The series's setting is Canada around the 1920s, while the setting of Palm Town Chapter is based on the West Coast of the United States around the 1980s.

Characters

Maple Town
The Rabbit Family – Patty, Rachel, Mr. Rabbit, Mrs. Rabbit, Ann and Mick Grandma and Grandpa Rabbit Couison Rabbit Roger Rabbit
The Bear Family – Bobby , Mr. Bear, Mrs. Bear, Kin, Kon and Kan Bonny
The Fox Family – Fanny, Mr. Fredrick Fox, Mrs. Florence Fox and Fred
The Cat Family – Mr. Cat and Mrs. Cat
The Dog Family – Danny, Dr. Dog, Mrs. Dog and Donny
The Squirrel Family – Suzie, Squire Squirrel, Mrs. Squirrel and Skippy
The Pig Family – Penny, Mr. Pig, Mrs. Pig and Polly
The Raccoon Family – Ruthie, Mr. Raccoon, Mrs. Raccoon and Roxie
The Mouse Family – Missie, Mr. Mouse, Mrs. Mouse and Marty
The Beaver Family – Bucky, Mr. Beaver, Mrs. Beaver and Bitsy
The Badger Family – Bert, Mr. Badger, Mrs. Badger and Betty
The Mole Family – Maggie, Mr. Mole, Mrs. Mole and Mikey
Kirby Cat
Mayor Dandy Lion
Miss Deer Andra Deer
Sheriff Barney Bulldog
Sheriff Barney Bulldog's Wife
Oscar Otter
Master Monkey
Dr. Goat
Wilde Wolf Gretel Wolf (aka Gretel)
Mr. Turtle
Kangaroos – Mr. Kangaroo, Mrs. Kangaroo, Coca Kangaroo
Mr. Walius

Palm Town
The Pike Family - Mrs. Jane, Mr. George, Alice
The Cocker Family - Rolley, Peter, Mr. Parabura, Mrs. Dahlia
The Terrier Family - Joey, Mr. Philip, Mrs. Florence
The White Family - Shiela, Mr. Roger
The Sheep Family - Mr. Charlie, Mrs. Mary, Sisi, Remi
Marina Dietrich
Gunter and Big Bro

US version:
VP of production: J. Edward Bergh
Supervising director: Robert V. Barron
Live action producer and director: Mary Jo Blue
Music: Haim Saban and Shuki Levy
Music coordination: Andrew Dimitroff
Video editing: Larry Porsche
Executive Producers: Haim Saban, Edd Gripes and Ray Volpe
Distribution: Saban/The Maltese Companies

Voice cast

English
Karen Hartman - Mrs. Maple (live-action segments, credited as Janice Adams)
Rebecca Forstadt – Patty Rabbit (as Reba West)
Barbara Goodson – Bobby Bear
Steve Kramer – Wilde Wolf
Maureen O'Connell – Fanny Fox
Barbara Goodson – Mikey Mole
Ted Layman – Mayor Lion

Episodes

Production
The series was produced by Toei Animation, Asatsu and Asahi Broadcasting, Maple Town was created by Chifude Asakura and directed by Junichi Sato. It served as one of the first projects for Kunihiko Ikuhara, who later joined the crew of Sailor Moon and Revolutionary Girl Utena. Ikuhara served as an assistant director and production manager for some of the show's later episodes.

United States
In October 1986, toy manufacturer Tonka acquired the rights for US$2.5–3 million and became its US licensee, launching a toy line and ad campaign early the following year. An English-dubbed version, airing in tandem with the toy promotion, starred actress Karen Hartman (credited as Janice Adams), known previously for her other children's TV role as Talkatoo Cockatoo on Zoobilee Zoo, as Mrs. Maple in its book-ending live-action segments. Mrs. Maple was the only human inhabitant of the title town in this version, and she offered each episode's moral lesson. The voice cast included Reba West as Patty Rabbit and Steve Kramer as Wilde Wolf.

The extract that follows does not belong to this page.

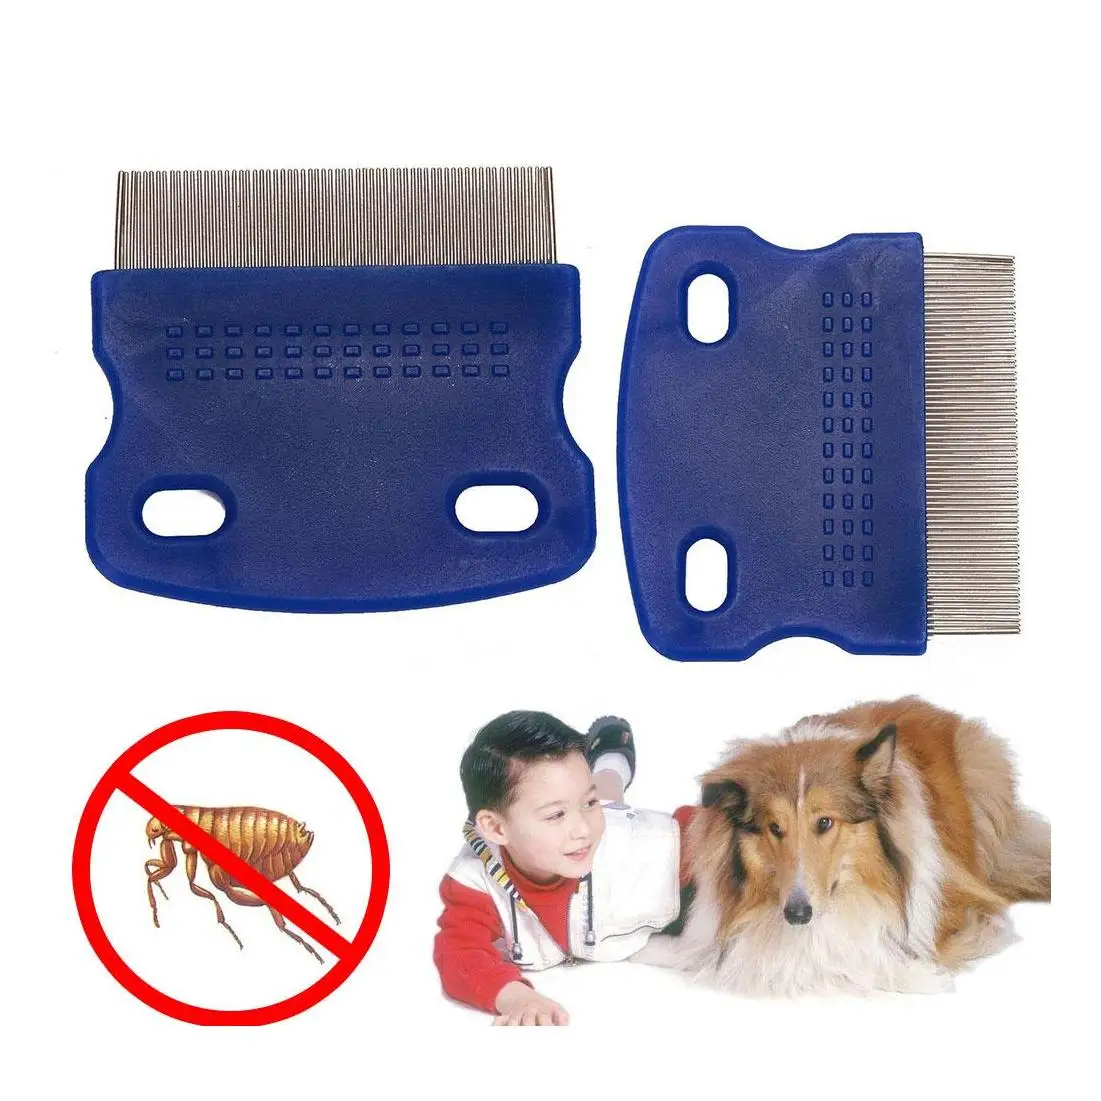 

Lice Comb Non Slip Handle Nit Pet Dog Cat Louse Flea Remove Brush Stainless Steel Grooming Tools Durable

The English version of Maple Town was produced by Saban Entertainment and The Maltese Companies, the latter of which also produced Spiral Zone, another syndicated series with Tonka, and the 1988 animated feature Pound Puppies and the Legend of Big Paw.

Broadcast history
The original Maple Town series aired on Sunday mornings in Japan on TV Asahi, from January 19, 1986 until January 11, 1987. Following its 52nd episode, its follow-up, , aired in the same time slot.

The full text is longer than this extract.